O’Leary calls for more info on medical errors
Declaring that the solution to reducing medical errors rests with the free exchange of information about serious adverse events, the president of the Joint Commission on Accredita tion of Healthcare Organizations recently warned congressional investigators that patient safety will not be improved until Congress passes federal protections to encourage the sharing and use of this information.
Dennis O’Leary told three House subcommittees at a hearing on "Medical Errors: Improving Quality of Care and Consumer Information" that the Congress can have an immediate and dramatic effect in making health care safer.
"Fear of reprisals, public castigation, and loss of business continue to impede both reporting and the production of in-depth analyses of the root causes underlying medical errors. Rather than surfacing errors, our blame-and-punishment-oriented society drives them underground. Congress can make a critical contribution to solving this problem by passing legislation to address these legitimate fears," O’Leary said.
His remarks came before hearings conducted by the Committee on Commerce’s Subcommittee on Health and Environment and its Subcommittee on Oversight and Investigations, and by the Commit tee on Veterans’ Affairs’ Subcommittee on Health.

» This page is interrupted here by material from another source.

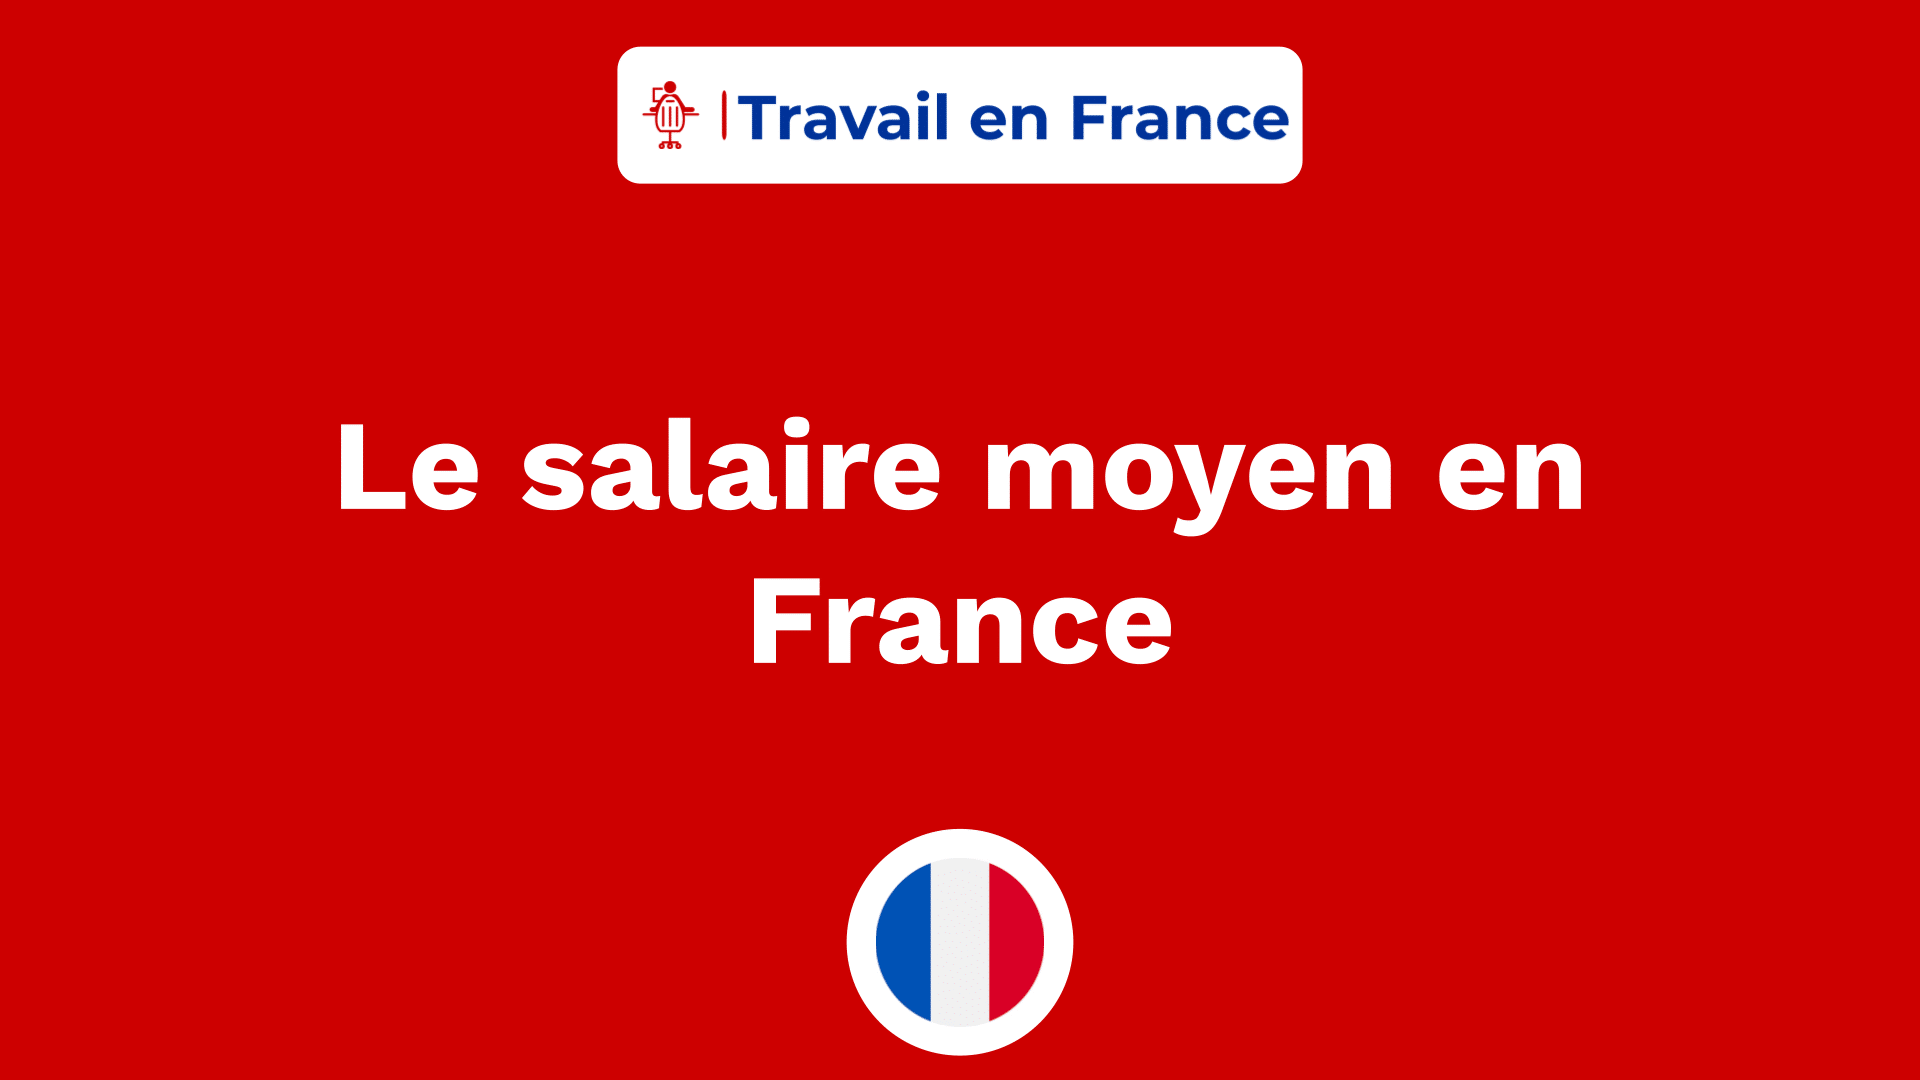 Le salaire moyen en France

"We believe that the solution to reducing the number of medical errors resides in developing effective mechanisms for collecting, analyzing, and applying existing information," he said.
O’Leary noted that the Joint Commission’s efforts to track sentinel events and other medical errors has been severely constrained by the lack of statutory protections for the analysis of those events and the sharing of the findings with responsible quality oversight bodies. The Joint Commission’s sentinel event program contains the necessary elements for success, he said, but it demonstrates very clearly that no reporting system for serious errors can fulfill its objectives without congressional help.
O’Leary suggested that policy-makers view the Joint Commission’s sentinel event program as a "treasure trove of lessons learned" in designing any new program to promote error reduction. Specifically, he recommended that these elements must be part of any effective medical error report ing program:
• Pragmatic and standardized definition of reportable medical errors. Establishing uniform definitions is crucial in the effort to analyze and monitor errors. The Joint Commission further urges that any mandatory reporting system focus on the most serious adverse events.
• Requirement for in-depth analyses of medical errors. An intensive analysis of the causes underlying any serious error must be conducted to fully understand and prevent future adverse events. Those analyses should focus on systems and processes rather than individual performance, O’Leary said. A reporting system that stops with the report of the error itself is not a credible program and will not lead to future error prevention, he said.
• Creation of a protected environment for reporting and responding to errors. Federal legislative protection is necessary to ensure that information developed in response to a medical error — and shared with an accreditor or other reporting system — will be provided clear protections from disclosure. Without this protection, neither mandatory nor voluntary reporting programs will achieve their error-reduction goals.
• Sharing of error-related information with quality oversight bodies having a legitimate "need to know." Accrediting bodies, responsible government agencies, and other quality oversight entities must have full access to any error-related databases.
• Dissemination of lessons learned and best practices. To measurably improve patient safety, information gleaned from the analysis of serious adverse events must be widely disseminated throughout the health care community.